• Brief:
Set the whole listing down again, word for word, with no pictures.

• Given material:
▬▬▬▬▬▬

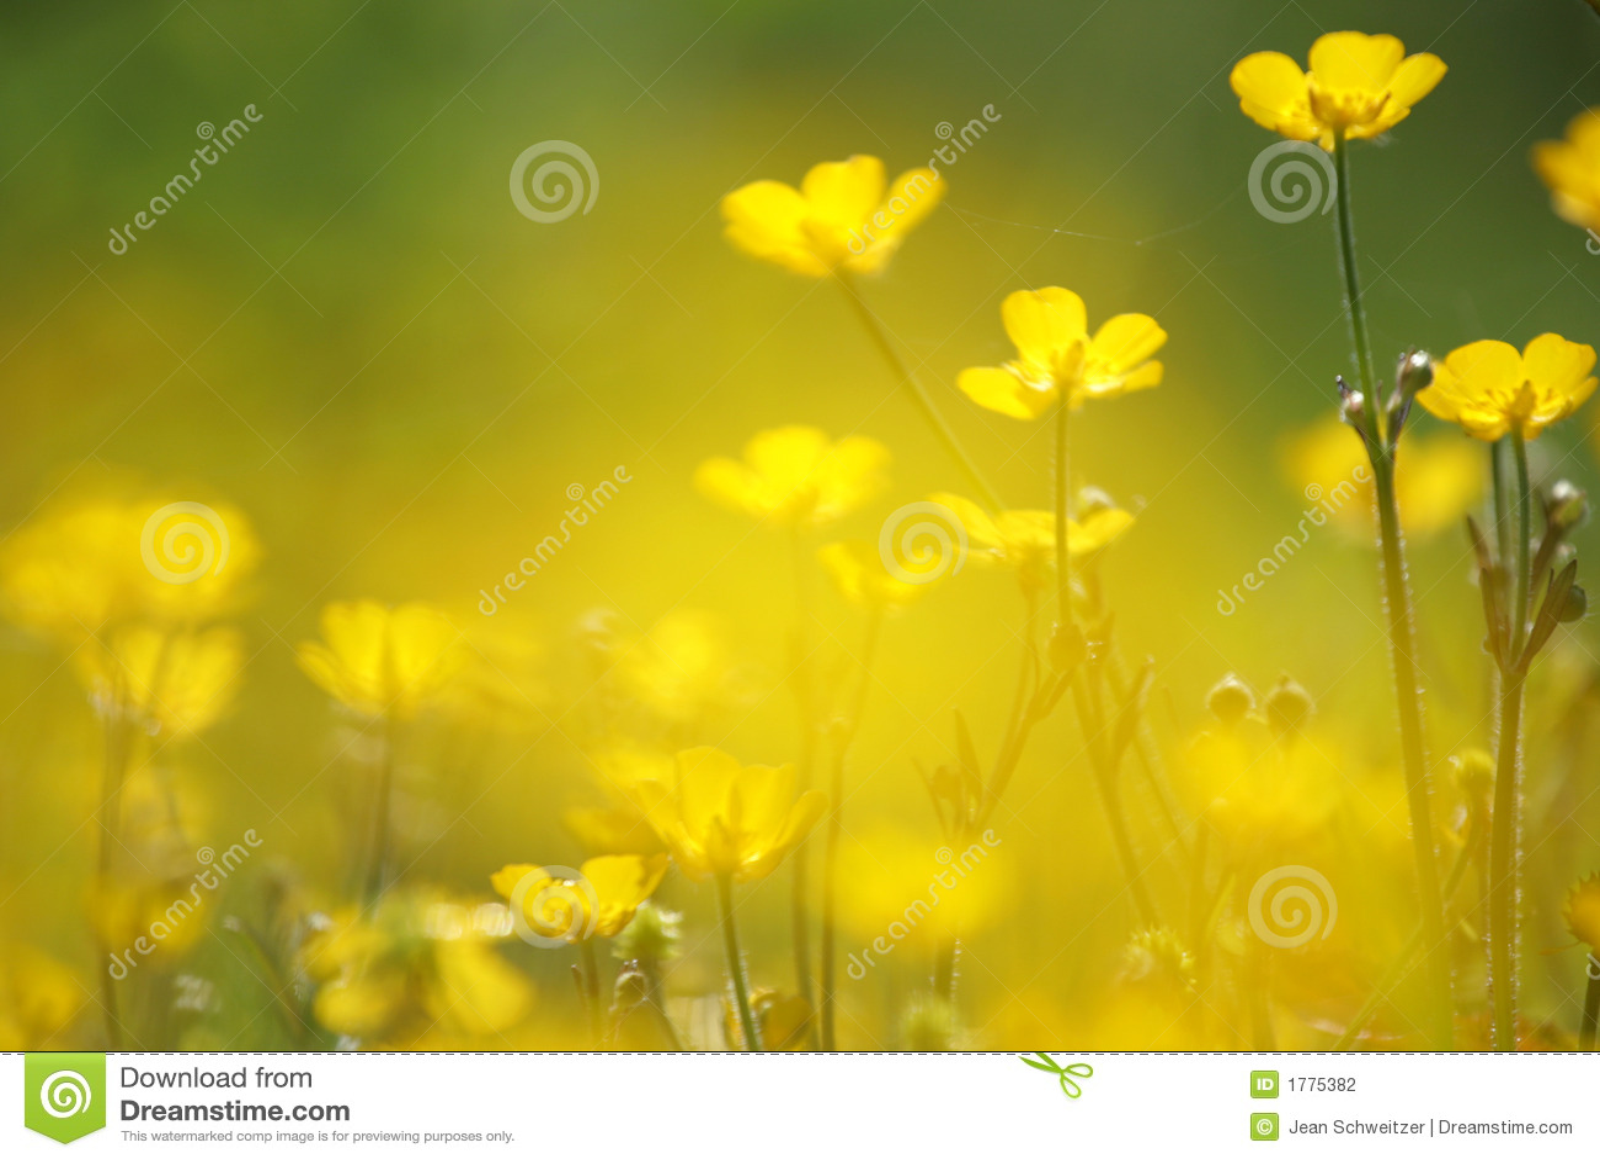 Primo piano giallo del fiore
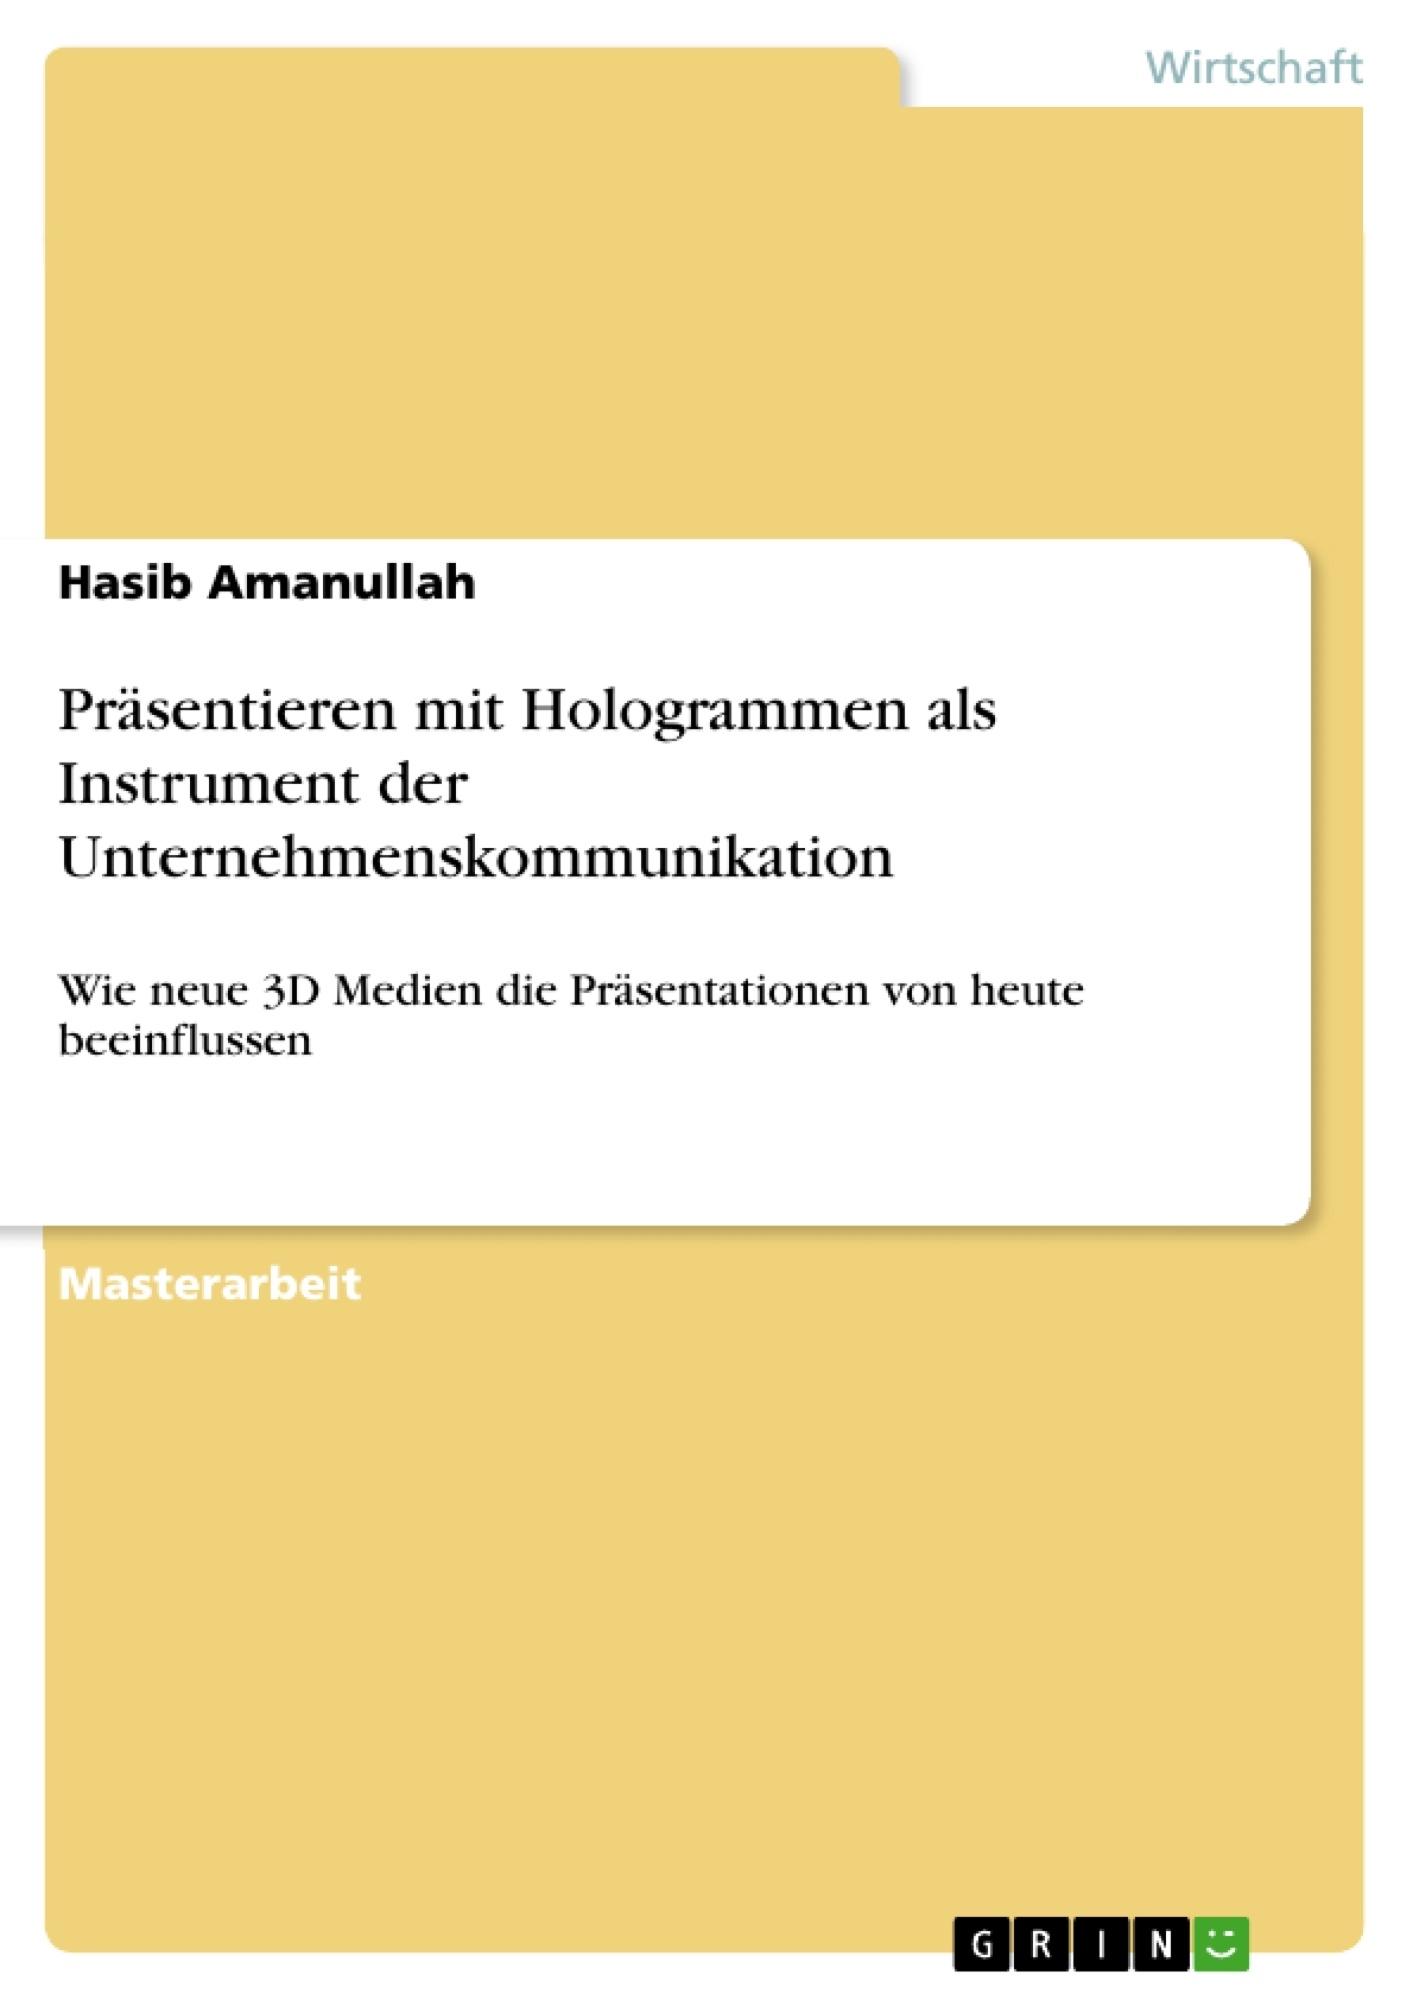 Titel: Präsentieren mit Hologrammen als Instrument der Unternehmenskommunikation
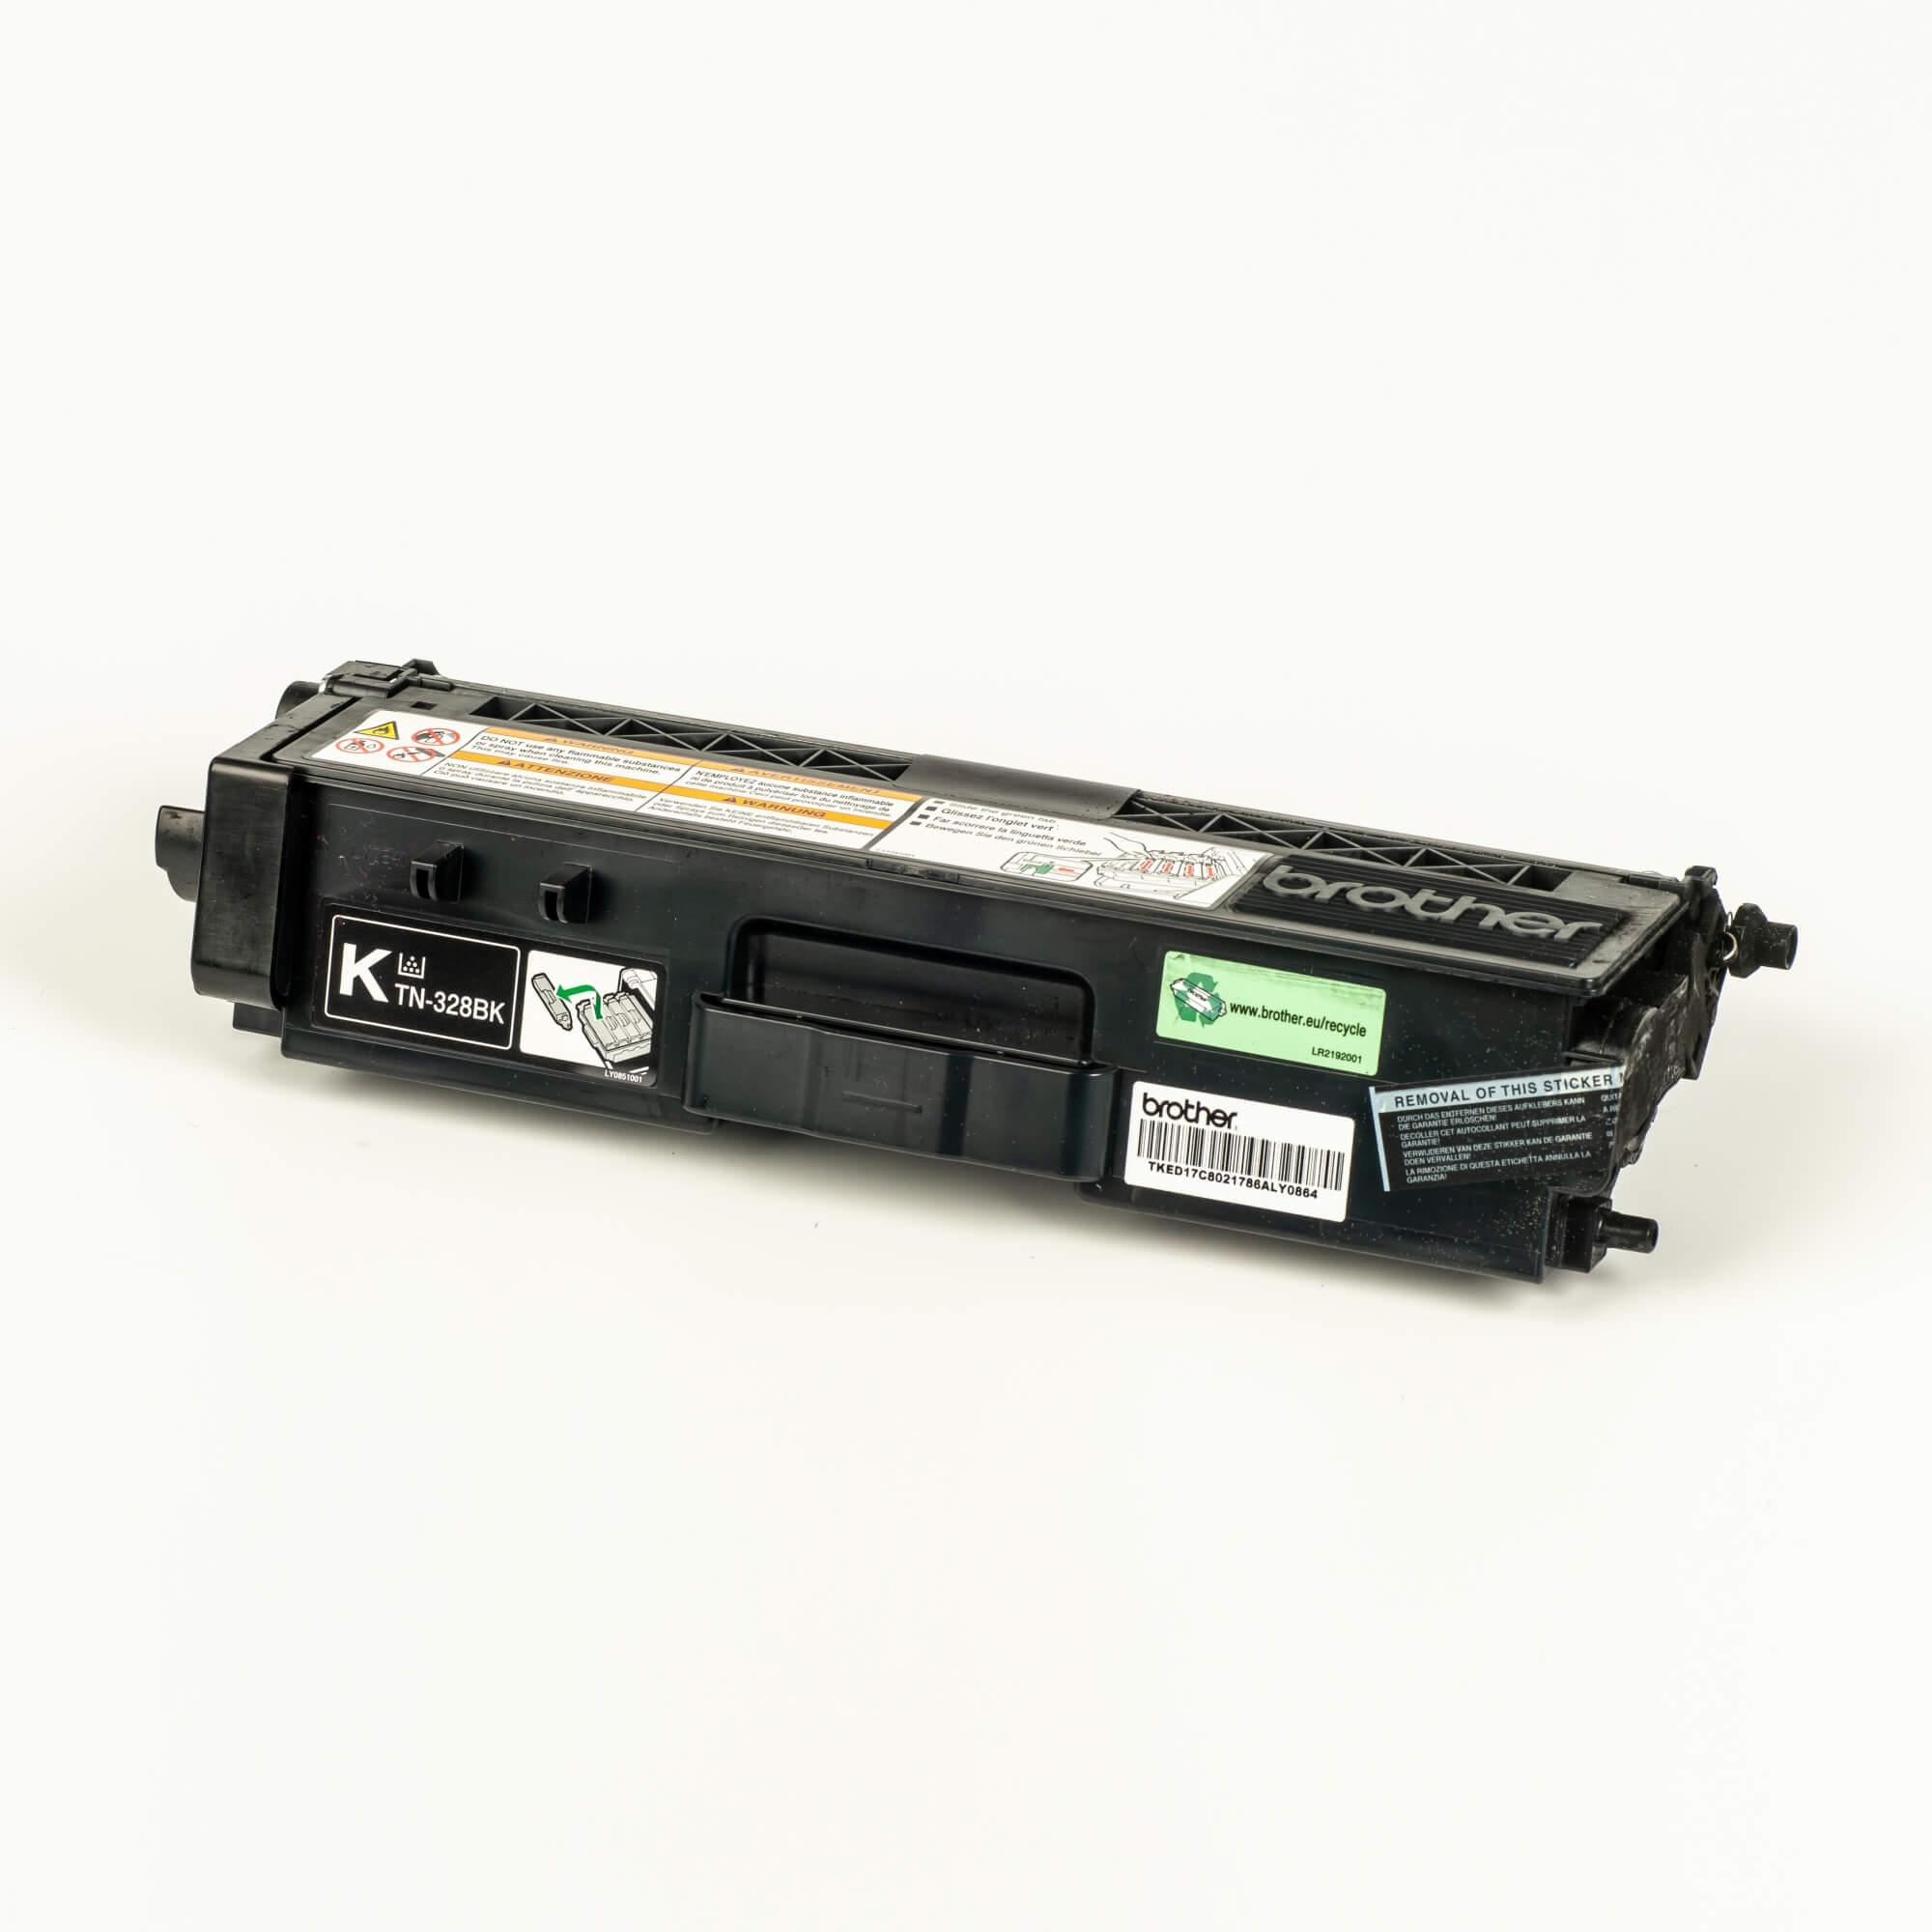 Auf dem Bild sehen Sie eine Brother Original Super-Jumbo-Tonerkassette TN-328BK schwarz

▬▬▬▬▬▬

• Your response:
 Primo piano giallo del fiore
 Titel: Präsentieren mit Hologrammen als Instrument der Unternehmenskommunikation
 Auf dem Bild sehen Sie eine Brother Original Super-Jumbo-Tonerkassette TN-328BK schwarz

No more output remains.